Король Генрихъ. Мы повелѣваемъ вамъ, въ знакъ вѣрноподданичества, остановить свои смертоносныя руки и усмириться. Пожалуйста, дядя Глостэръ, прекратите эту драку.
1-й слуга. Нѣтъ, если намъ воспретятъ камни, мы будемъ нападать зубами.
2-й слуга. Дѣлайте, что только посмѣете, мы останемся все такъ-же рѣшительны (Дерутся опятъ).

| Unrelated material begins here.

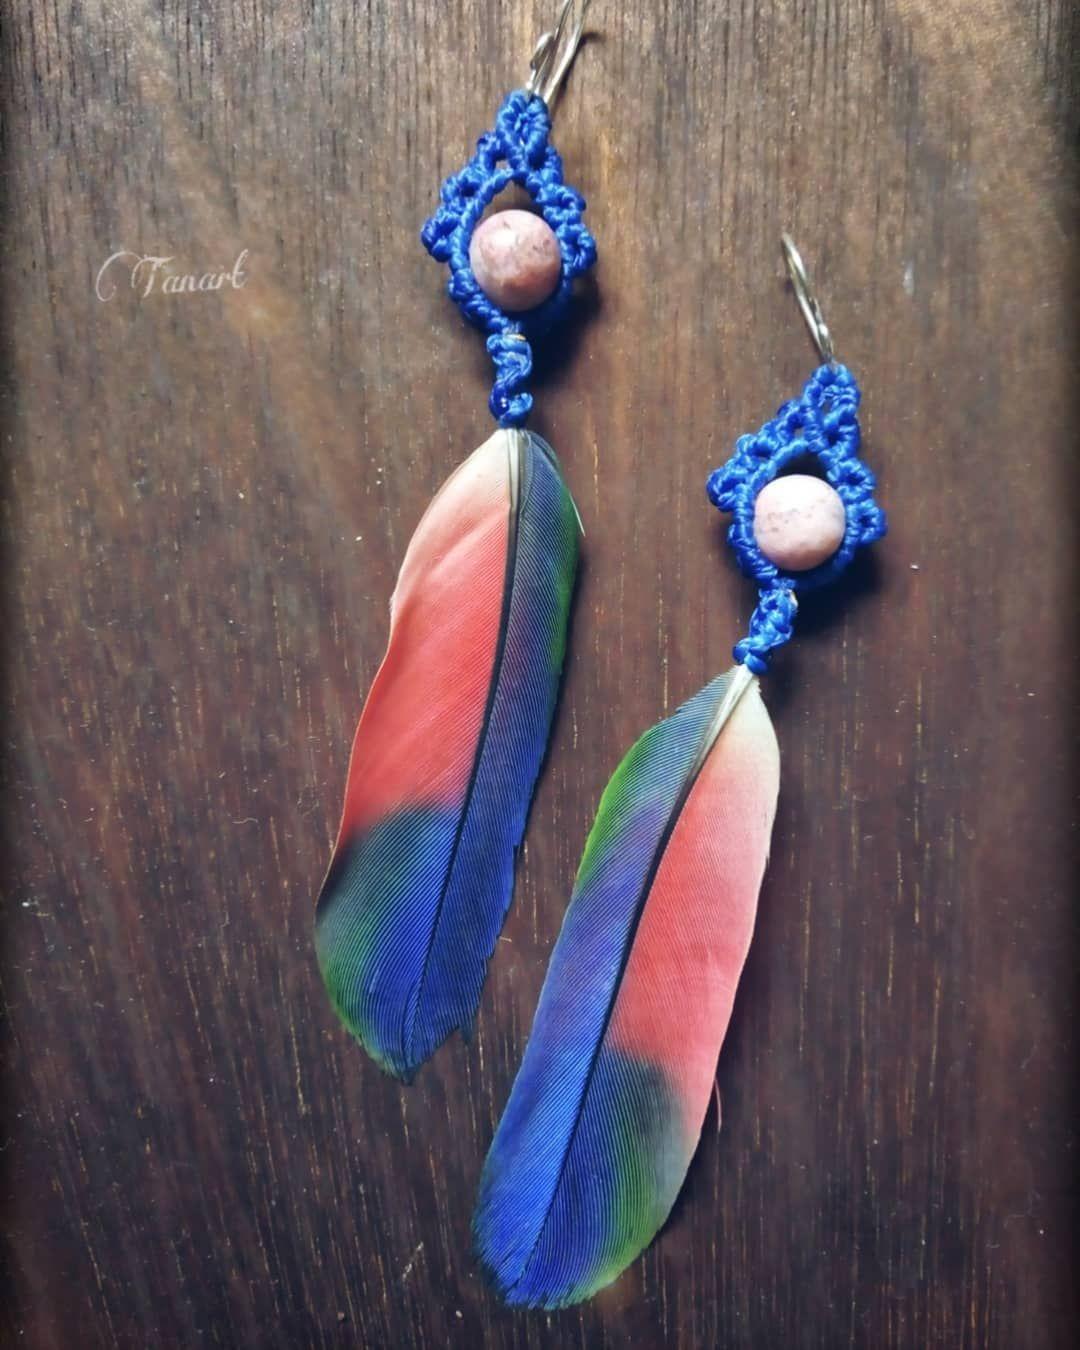 Más que especiales estás plumas tejidas y con rodonita , se van con todo el amor 🌬️🔮🍃🎁 azules 🌊🐚🌌 Plumajes que se sienten voy rezando y el sol najero agradecido🌄🙏🏾🥁🎶🎶 #tanart #aretes #earrings #plumas #feathers #feathersearrings #macrame #macramearrings #macramejewellery #micromacrame #joyeriaartesanal #joyeriatejida #jewellery #knots #arteennudos #rodonita #campechemexico

Глостэръ. Вы, принадлежащіе къ моему дому, оставьте эту задорную драку и отстраните эту необычайную схватку.
1-й слуга. Милордъ, мы знаемъ вашу свѣтлость за человѣка прямаго и справедливаго и, по своему царскому происхожденію, ничѣмъ не уступающаго никому, кромѣ его величества; но скорѣе, чѣмъ потерпѣть, чтобы такой государь, такой заботливый отецъ общественнаго блага былъ оскорбленъ какимъ-нибудь «чернильною строкою», мы всѣ, наши жены и дѣти, будемъ биться и предадимъ свои тѣла на убіеніе врагамъ.
2-й слуга. Да, и даже обрѣзки ногтей нашихъ вскопаютъ поле битвы, когда мы уже будемъ мертвы (Дерутся опятъ).
Глостэръ. Стойте, стойте, говорю вамъ! и, если любите меня такъ, какъ говорите, то дайте мнѣ убѣдить васъ немного воздержаться.
Король Генрихъ. О, какъ этотъ раздоръ угнетаетъ мою душу! — Неужели вы, милордъ Уинчестеръ, можете смотрѣть на мои вздохи и слезы и ни разу имъ не уступить? Да кто-же можетъ быть сострадателенъ, какъ не вы? Или кто будетъ стараться соблюдать миръ, если святые служители церкви находятъ удовольствіе въ раздорахъ?
Уорикъ. Уступите, милордъ протекторъ, уступите, епископъ, если только вы не хотите настойчивымъ отказомъ убить вашего государя и разстроить государство. Вы видите, что за бѣда и что за убійство произошли чрезъ вашу вражду. Поэтому, усмиритесь, если не жаждете крови.
Епископъ Уинчестерскій. Онъ покорится, или я ни за что не уступлю.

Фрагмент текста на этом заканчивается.